第14回戦:行弘 賢 vs. リウ・ユーチェン/Liu Yuchen

準々決勝:行弘 賢 vs. リード・デューク

 《虚ろな者》が持つ可能性は、0マナで4/4を繰り出せるというだけではない! ルイス・サルヴァット/Luis Salvattoとの準決勝にて、行弘 賢は《渋面の溶岩使い》による止めの一発を放つためにもう1枚墓地のカードが必要だった。そこで彼は《虚ろな者》を「サイクリング」して墓地のカードを2枚にし、スコアを2-2に戻すことに成功したのだった。

 行弘は主にふたつの面で世界に広く知れ渡っている――ひとつは魅力的なキャラクター、そしてもうひとつは魅力的なデッキ構築で。
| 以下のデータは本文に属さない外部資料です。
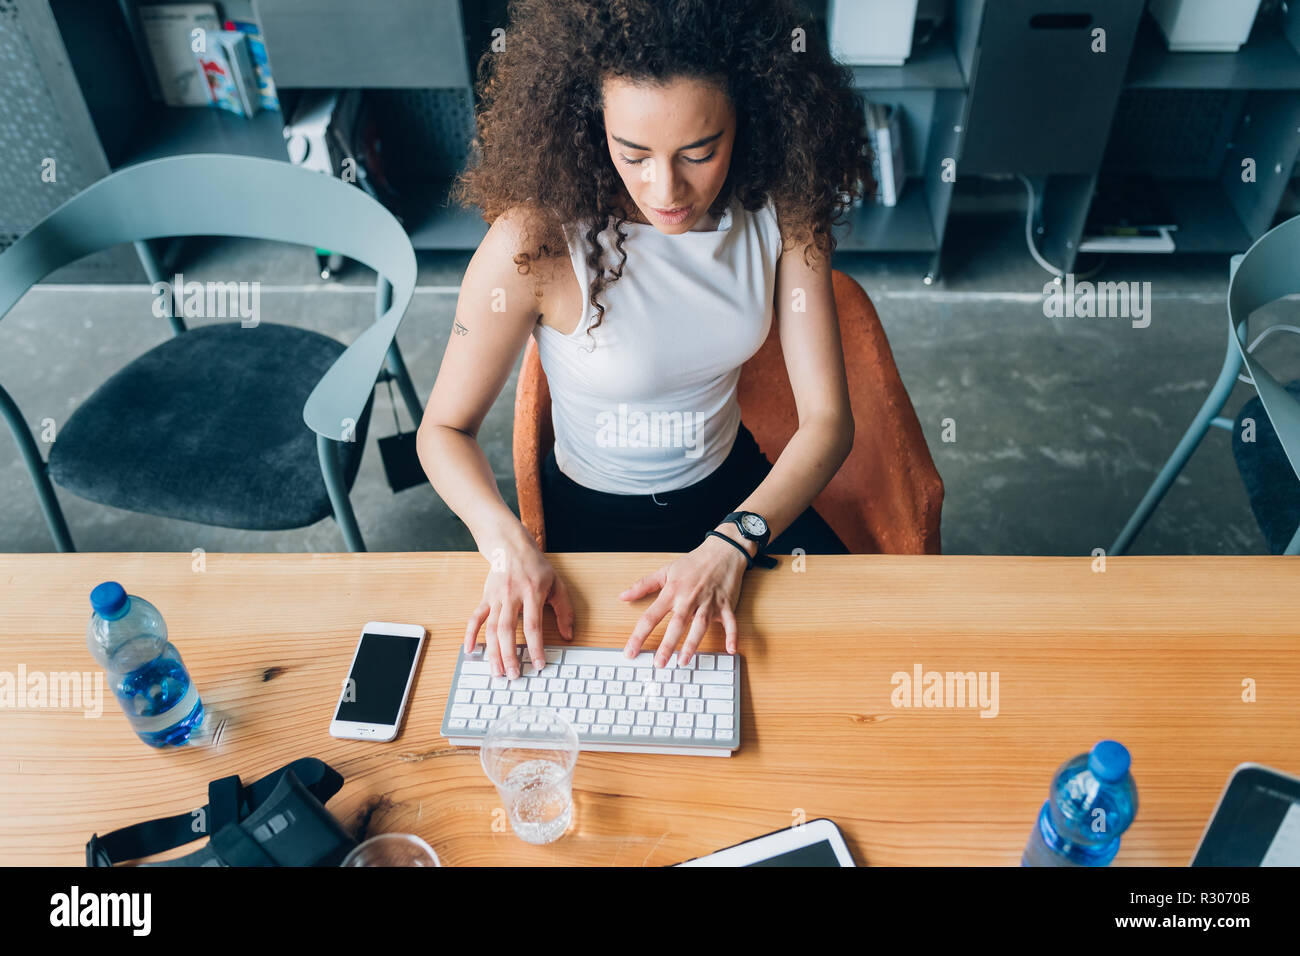 Junge kreative Frau innen sitzen Desking mit Laptop - Telearbeit, startupper, smart Arbeitnehmer Konzept Stockfoto

彼は《ホネツツキ》や《単体騎手》、《ツカタンのサリッド》といった、他に誰も目を向けないカードを信じて使ってきた。そしてこの週末の活躍により、《虚ろな者》も彼を代表するカードに加わるだろう。「黒赤『虚ろな者』」は、プレイする者にとっても観る者にとっても楽しく爆発力のあるデッキだった。プロツアー『イクサランの相克』のトップ8デッキの中でも、最もユニークなものとして記憶に残ることだろう。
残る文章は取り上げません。